OMH Commissioner Ann Sullivan and a number of executive team members who oversee key strategic functions (slide 6) gave presentations at last Wednesday’s virtual and in-person statewide Town Hall that offered the attached presentation summarizing the initiatives to date that they have or are in the process of implementing.
Look for OMH to issue a version with accessibility features like alt text for screen readers that will be posted to the Office of Planning page.
We hailed OMH’s and the Legislature’s inclusion of several initiatives that the Alliance and our allies helped to secure and support in recent budgets, including:
- Another peer led outreach and engagement INSET program (slide 54),
- community hospital-based peer bridger programs (55)
- Clubhouse programs (14)
- renewals of the Academy of Peer Services (56) and the New York Peer Specialist Independent Practice Association (57)
- at least 3 community behavioral health crisis response pilot programs to implement health-led response protocols for mental health and substance use disorder crises in an urban, suburban and rural area consistent with the recommendations of the Daniel’s Law Task Force (36)
- the previously authorized 10 Supportive Crisis Stabilization Centers and 8 Intensive Crisis Stabilization Centers (35) and
- strong support for the work of the OMH of Office of Diversity and Inclusion (OMH Office of Diversity and Inclusion (72).
We also successfully advocated for the use of Incident Review Panels and the issuance of a detailed Olmstead Plan, both of which will increase state and local accountability for system coordination and access to service that support New Yorkers with disabilities to live and work in most integrated settings of choice.

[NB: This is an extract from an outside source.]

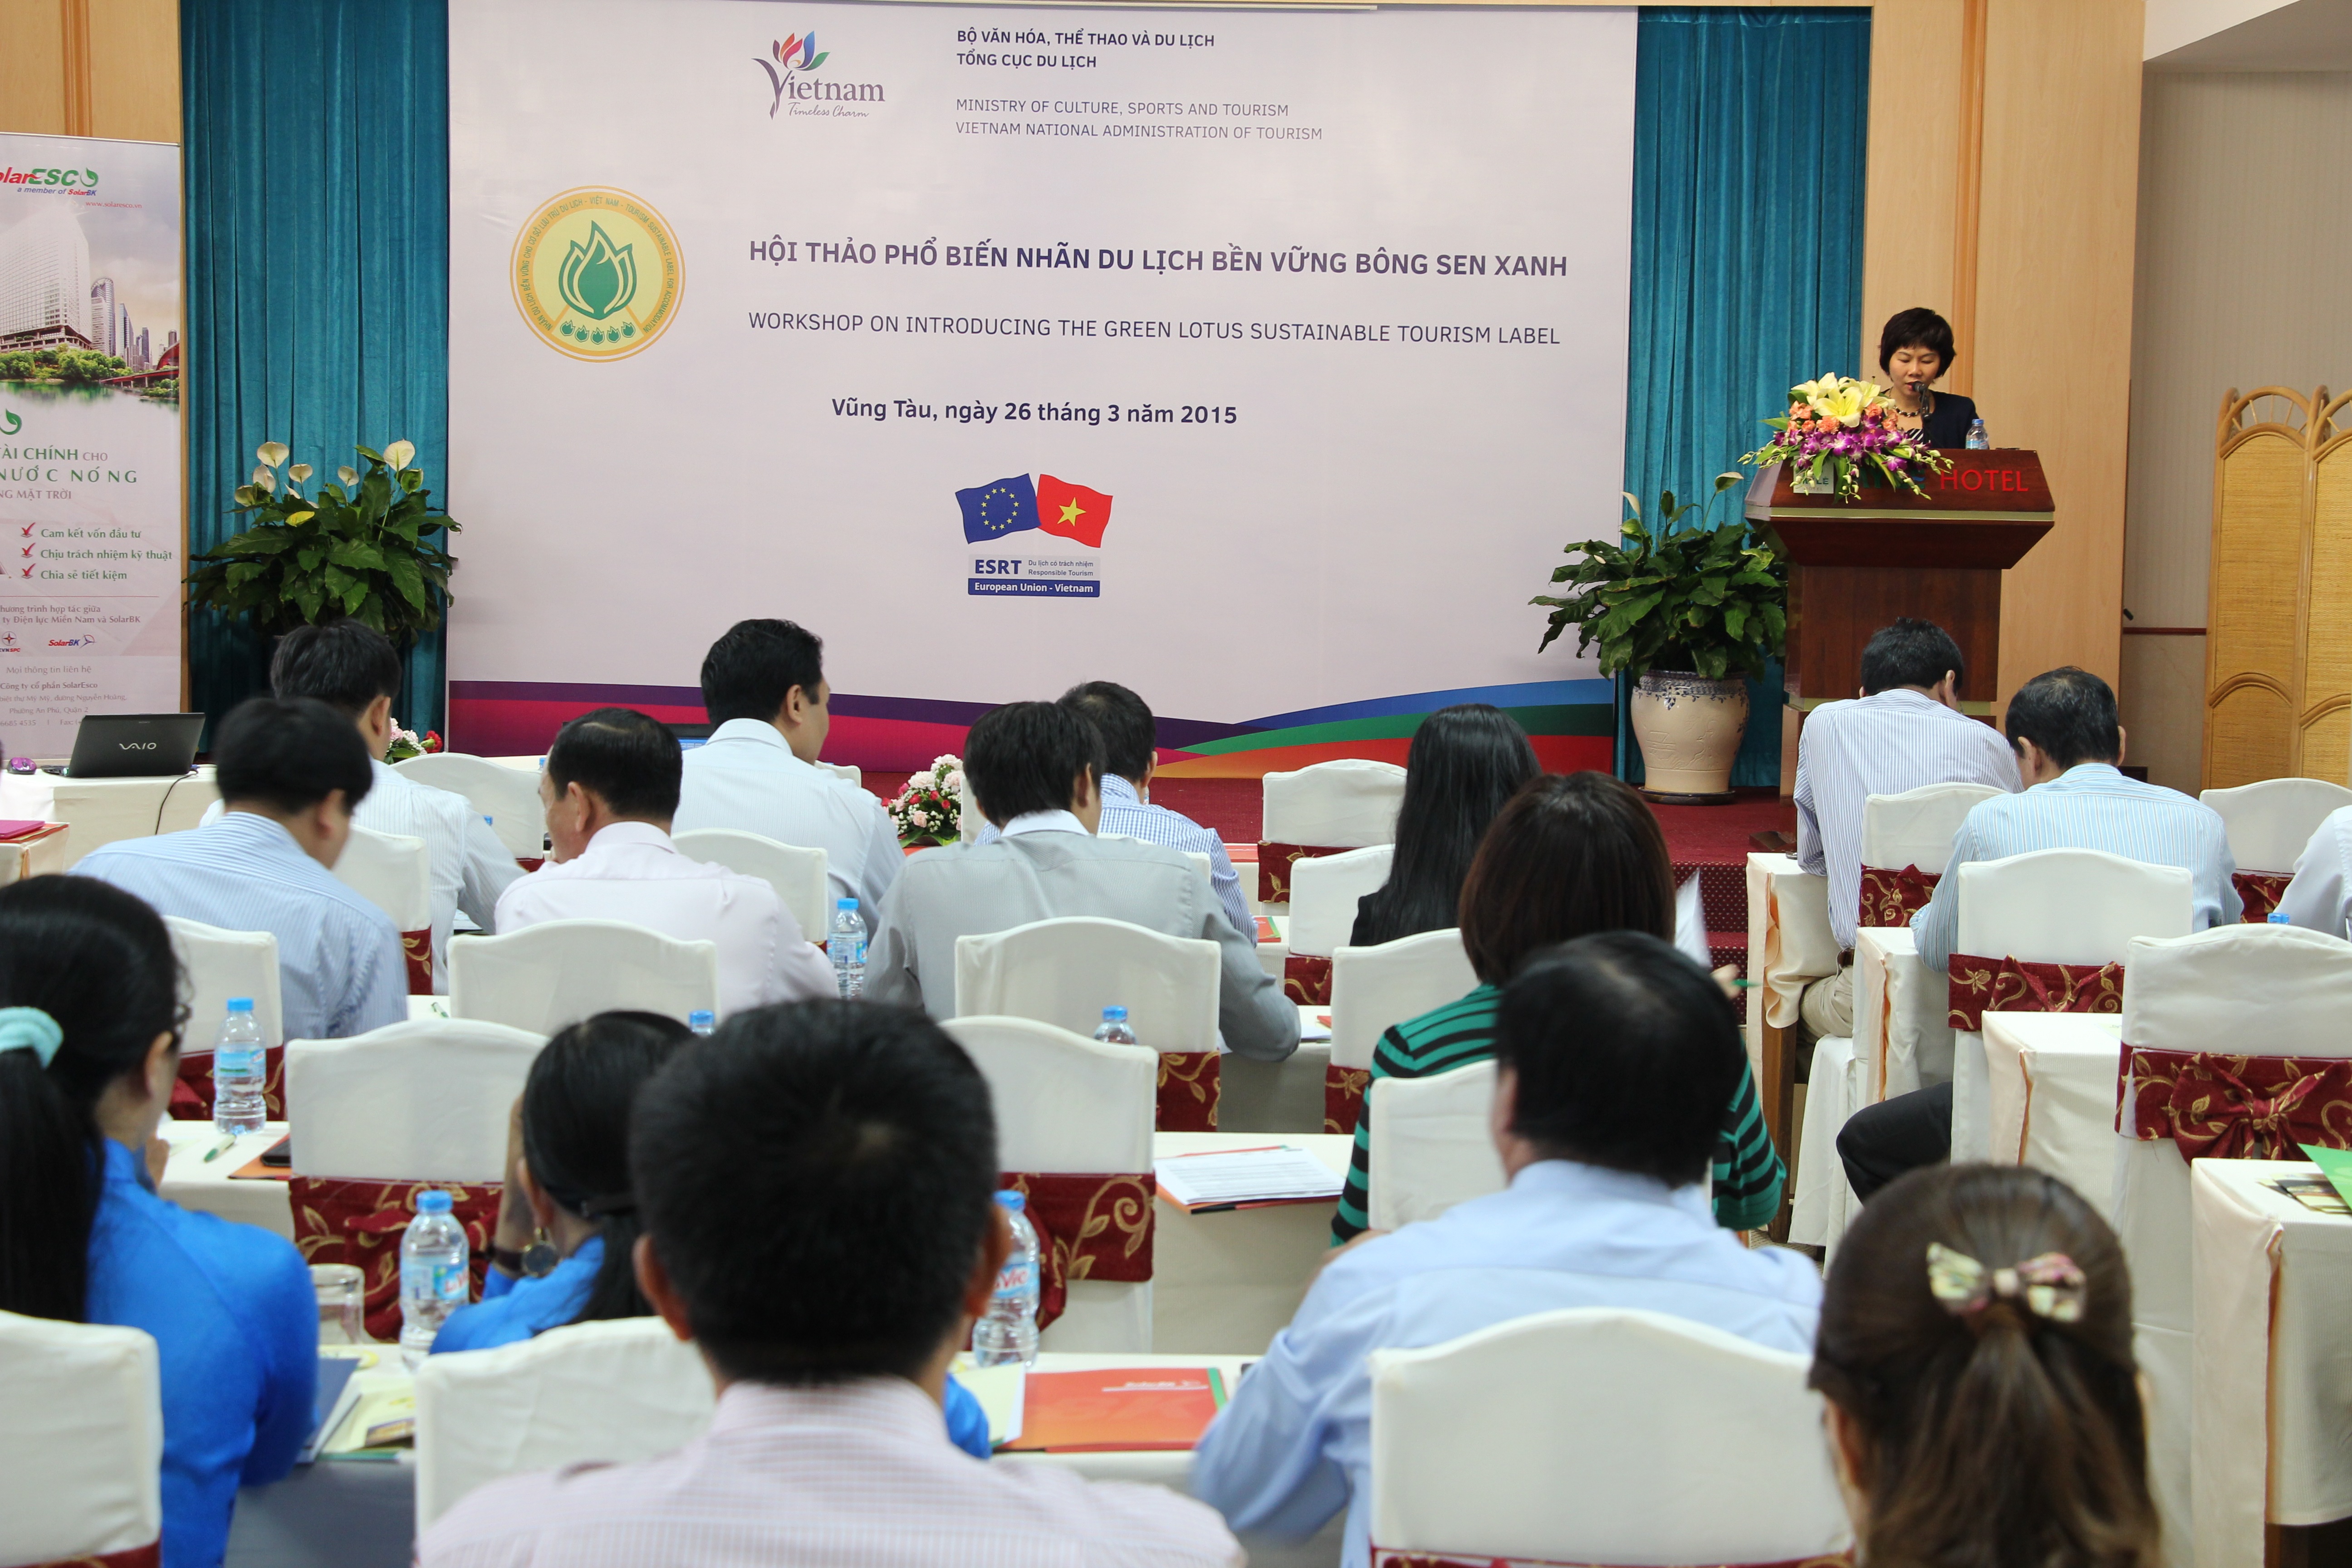 Hội thảo về Nhãn Du lịch bền vững Bông sen xanh tại Vũng Tàu

We decried the use of involuntary treatment, especially in counties that do not offer central elements of a continuum that would greatly enhance efforts to engage, serve and support people with major mental health, addiction and trauma related challenges. Most notably, very few counties offer a combination of INSET, crisis stabilization, respite, peer bridger and clubhouse services.
In our testimony, we also called on the state to engage in a restructuring of the state hospital system and a return to carving out behavioral health services from the managed care program as central strategies to promote major reinvestments of savings to boost desperately needed funds for community services across the state.
Look for a copy of our testimony later this week.